What you will do: Say how many lines in the entries below mention "Shirt", with no other words.

Extracted material:

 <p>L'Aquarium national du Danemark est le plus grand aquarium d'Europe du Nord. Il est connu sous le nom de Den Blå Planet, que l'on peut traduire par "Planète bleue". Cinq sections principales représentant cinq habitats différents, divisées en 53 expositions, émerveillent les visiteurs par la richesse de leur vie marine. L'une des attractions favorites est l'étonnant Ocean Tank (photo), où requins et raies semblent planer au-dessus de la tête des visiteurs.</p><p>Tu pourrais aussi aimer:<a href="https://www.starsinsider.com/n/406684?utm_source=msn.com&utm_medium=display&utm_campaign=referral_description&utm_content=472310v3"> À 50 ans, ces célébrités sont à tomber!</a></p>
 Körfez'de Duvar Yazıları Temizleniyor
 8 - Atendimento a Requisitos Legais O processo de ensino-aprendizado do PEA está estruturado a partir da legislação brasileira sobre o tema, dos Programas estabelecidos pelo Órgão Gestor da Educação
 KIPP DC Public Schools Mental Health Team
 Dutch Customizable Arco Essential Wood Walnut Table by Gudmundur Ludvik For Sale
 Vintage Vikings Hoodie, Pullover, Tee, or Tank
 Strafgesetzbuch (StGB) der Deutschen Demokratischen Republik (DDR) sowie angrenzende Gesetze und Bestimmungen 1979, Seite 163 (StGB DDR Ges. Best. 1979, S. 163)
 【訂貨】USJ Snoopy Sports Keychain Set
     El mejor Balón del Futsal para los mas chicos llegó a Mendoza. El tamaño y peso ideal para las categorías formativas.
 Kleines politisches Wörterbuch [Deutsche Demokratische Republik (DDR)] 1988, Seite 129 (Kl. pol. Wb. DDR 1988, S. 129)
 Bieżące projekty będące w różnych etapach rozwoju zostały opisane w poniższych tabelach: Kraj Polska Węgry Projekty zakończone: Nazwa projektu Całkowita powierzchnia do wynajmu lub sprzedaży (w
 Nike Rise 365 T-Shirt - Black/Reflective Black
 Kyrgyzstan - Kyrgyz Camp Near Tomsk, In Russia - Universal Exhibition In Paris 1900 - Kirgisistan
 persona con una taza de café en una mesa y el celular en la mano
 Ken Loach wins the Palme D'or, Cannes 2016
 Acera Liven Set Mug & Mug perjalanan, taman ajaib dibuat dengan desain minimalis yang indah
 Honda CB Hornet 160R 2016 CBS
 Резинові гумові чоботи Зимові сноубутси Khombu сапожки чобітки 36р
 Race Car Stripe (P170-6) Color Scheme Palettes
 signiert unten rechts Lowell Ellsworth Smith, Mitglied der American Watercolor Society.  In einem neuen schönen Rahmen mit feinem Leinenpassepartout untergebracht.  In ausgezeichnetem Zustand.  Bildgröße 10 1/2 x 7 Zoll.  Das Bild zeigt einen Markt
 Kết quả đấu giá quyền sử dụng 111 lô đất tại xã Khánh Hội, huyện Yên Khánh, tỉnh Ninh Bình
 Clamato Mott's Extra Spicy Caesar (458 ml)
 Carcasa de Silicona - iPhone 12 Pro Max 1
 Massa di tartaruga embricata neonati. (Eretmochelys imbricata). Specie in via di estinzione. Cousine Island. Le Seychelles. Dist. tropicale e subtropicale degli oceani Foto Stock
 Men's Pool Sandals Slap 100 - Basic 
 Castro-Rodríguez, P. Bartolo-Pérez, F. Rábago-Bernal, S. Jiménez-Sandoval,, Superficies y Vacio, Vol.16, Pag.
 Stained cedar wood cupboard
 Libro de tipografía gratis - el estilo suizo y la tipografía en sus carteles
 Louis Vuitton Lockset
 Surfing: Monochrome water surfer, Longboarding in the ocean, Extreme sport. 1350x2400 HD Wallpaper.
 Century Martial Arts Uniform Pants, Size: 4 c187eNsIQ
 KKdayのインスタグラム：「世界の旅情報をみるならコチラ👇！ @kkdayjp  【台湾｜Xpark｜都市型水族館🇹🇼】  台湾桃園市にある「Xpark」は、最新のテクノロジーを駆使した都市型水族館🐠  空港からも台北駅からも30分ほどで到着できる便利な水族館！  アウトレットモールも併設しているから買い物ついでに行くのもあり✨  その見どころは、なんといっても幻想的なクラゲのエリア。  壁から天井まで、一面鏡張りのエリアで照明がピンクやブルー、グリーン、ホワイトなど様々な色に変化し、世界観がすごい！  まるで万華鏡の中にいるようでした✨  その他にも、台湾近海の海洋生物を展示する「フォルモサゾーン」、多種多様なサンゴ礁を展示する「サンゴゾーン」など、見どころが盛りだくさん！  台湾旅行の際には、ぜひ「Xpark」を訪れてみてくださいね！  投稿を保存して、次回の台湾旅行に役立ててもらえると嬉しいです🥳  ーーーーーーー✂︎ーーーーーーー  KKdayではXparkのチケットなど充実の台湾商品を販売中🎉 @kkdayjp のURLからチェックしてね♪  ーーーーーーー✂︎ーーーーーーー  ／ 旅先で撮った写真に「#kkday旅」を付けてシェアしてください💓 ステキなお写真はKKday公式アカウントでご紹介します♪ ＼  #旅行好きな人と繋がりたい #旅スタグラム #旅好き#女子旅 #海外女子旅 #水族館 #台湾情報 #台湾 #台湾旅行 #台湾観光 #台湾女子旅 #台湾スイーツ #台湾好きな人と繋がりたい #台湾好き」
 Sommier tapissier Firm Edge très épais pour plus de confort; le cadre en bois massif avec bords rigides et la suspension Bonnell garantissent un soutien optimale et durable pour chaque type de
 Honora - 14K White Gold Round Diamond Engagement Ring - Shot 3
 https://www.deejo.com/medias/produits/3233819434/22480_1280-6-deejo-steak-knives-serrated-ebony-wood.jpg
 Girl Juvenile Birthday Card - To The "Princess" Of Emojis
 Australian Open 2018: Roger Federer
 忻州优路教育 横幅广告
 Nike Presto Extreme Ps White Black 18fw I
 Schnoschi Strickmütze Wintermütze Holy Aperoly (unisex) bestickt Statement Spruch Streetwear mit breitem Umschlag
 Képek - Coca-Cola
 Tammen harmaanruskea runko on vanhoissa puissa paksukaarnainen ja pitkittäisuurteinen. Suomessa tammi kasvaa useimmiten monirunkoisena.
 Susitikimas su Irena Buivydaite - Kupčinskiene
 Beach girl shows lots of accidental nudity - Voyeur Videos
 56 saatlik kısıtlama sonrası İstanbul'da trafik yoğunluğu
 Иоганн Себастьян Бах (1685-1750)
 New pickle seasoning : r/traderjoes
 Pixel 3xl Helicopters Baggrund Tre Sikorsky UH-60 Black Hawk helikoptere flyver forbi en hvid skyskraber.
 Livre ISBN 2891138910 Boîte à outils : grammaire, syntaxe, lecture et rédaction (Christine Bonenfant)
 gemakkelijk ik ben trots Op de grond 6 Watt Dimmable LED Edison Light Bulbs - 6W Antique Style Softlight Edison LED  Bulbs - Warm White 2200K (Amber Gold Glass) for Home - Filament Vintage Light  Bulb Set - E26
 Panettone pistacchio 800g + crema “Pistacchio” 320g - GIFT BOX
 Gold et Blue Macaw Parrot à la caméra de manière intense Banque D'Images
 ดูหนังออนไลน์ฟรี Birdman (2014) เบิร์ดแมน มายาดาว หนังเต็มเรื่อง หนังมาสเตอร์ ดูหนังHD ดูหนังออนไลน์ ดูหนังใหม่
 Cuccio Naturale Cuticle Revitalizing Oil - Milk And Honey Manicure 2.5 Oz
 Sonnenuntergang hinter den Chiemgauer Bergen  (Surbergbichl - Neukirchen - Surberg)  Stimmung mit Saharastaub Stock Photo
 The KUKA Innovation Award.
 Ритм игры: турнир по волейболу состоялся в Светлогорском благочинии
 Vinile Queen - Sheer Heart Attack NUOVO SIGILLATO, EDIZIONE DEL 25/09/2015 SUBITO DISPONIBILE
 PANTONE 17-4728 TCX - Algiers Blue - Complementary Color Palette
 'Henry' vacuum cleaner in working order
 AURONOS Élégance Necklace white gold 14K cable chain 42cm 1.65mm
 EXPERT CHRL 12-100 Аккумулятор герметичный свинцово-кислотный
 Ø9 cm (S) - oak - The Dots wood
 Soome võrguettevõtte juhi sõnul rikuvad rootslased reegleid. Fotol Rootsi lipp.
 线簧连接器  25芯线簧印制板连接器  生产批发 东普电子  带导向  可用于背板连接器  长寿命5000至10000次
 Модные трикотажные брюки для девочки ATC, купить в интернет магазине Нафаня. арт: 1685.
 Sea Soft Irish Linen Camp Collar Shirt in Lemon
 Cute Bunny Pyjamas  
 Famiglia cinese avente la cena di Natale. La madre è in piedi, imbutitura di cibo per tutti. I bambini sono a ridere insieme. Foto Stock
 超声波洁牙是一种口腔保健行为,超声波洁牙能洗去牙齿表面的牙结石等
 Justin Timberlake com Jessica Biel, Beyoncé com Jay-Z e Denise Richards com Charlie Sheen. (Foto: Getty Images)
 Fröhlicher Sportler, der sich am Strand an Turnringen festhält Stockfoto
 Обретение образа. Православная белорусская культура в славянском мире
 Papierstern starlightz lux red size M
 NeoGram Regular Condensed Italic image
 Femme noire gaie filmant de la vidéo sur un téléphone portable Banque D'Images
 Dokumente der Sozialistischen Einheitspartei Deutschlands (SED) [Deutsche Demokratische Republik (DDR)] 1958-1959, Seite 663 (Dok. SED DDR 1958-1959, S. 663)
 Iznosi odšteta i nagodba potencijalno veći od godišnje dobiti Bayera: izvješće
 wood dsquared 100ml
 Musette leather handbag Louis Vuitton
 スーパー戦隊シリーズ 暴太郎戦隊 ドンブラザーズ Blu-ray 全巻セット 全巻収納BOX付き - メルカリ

Answer space: 2